为了使用跟之前一样的方式调用fminunc()求最优的theta，不方便传入多维数组。
这里引入unroll 的parameter的概念。因为对于神经网络模型，把多维theta matrix给unroll成一个大vector并不影响计算。算出来的结果再reshape回来即可。

1 2	thetaVector = [ Theta1(:); Theta2(:); Theta3(:); ] deltaVector = [ D1(:); D2(:); D3(:) ]

1
2
3

Theta1 = reshape(thetaVector(1:110),10,11)
Theta2 = reshape(thetaVector(111:220),10,11)
Theta3 = reshape(thetaVector(221:231),1,11)

总结：
unroll theta的matrix得到大vector调用fminunc求theta
reshape得到theta用来计算D 和 J(theta)
unroll D得到DVector用来计算gradientVector（？？？）

Gradient Checking

在使用fp 和 bp的过程中用来检查实现是否正确。

公式如下：

$\dfrac{\partial}{\partial\Theta}J(\Theta) \approx \dfrac{J(\Theta + \epsilon) - J(\Theta - \epsilon)}{2\epsilon}$

对于多维theta的神经网络，该公式表示为（即为每个theta求一次numerical derivative ,注意这样的验证超级消耗计算资源，所以该算法值用来验证算法BP实现的的正确性，一旦验证就不需要反复调用该公式做验证。
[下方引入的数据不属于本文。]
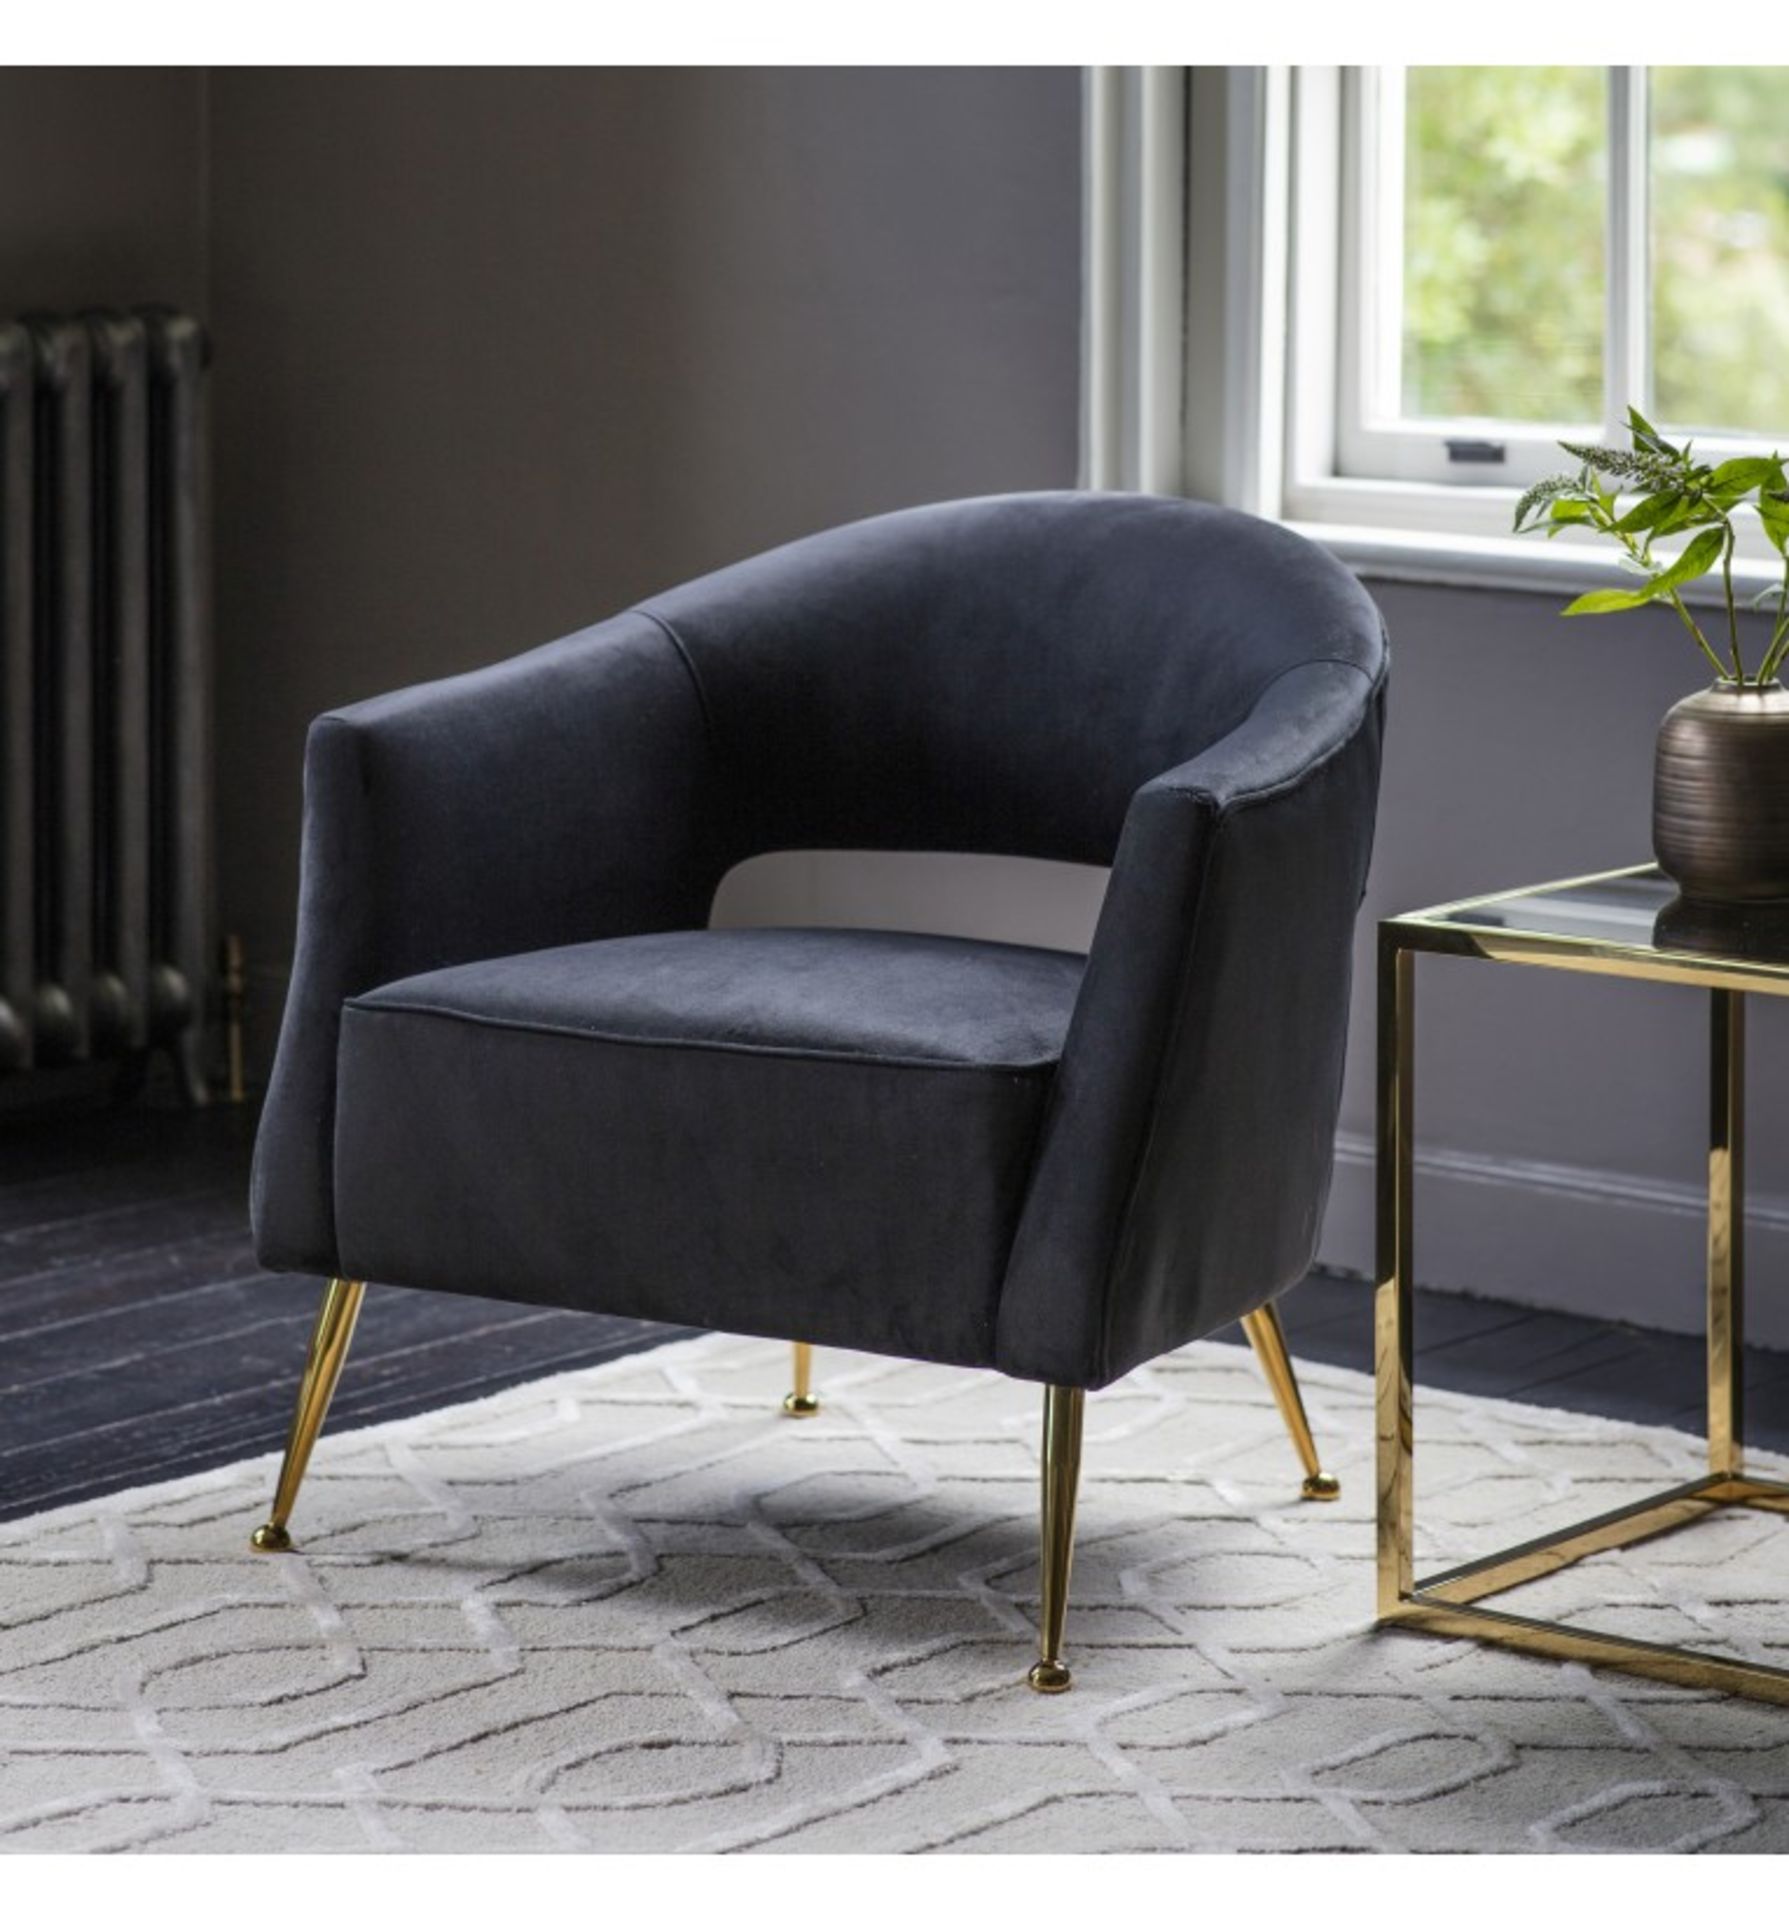 Barletta Armchair Black Velvet A Luxurious and contemporary arm chair perfect for adding style and

$\dfrac{\partial}{\partial\Theta_j}J(\Theta) \approx \dfrac{J(\Theta_1, \dots, \Theta_j + \epsilon, \dots, \Theta_n) - J(\Theta_1, \dots, \Theta_j - \epsilon, \dots, \Theta_n)}{2\epsilon}$

其中

${\epsilon = 10^{-4}}$

epsilon = 1e-4;
for i = 1:n,
  thetaPlus = theta;
  thetaPlus(i) += epsilon;
  thetaMinus = theta;
  thetaMinus(i) -= epsilon;
  gradApprox(i) = (J(thetaPlus) - J(thetaMinus))/(2*epsilon)
end;

Random Initiation

theta初始值设为全0，对于logical gradient 算法管用，但是对于neron network不行，最终会形成死循环但找不到合理参数。
我们需要做random initiation，而且必须打破symmetry （symmetry breaking），最后得到的随机数参数应该在正负EPSILON之间。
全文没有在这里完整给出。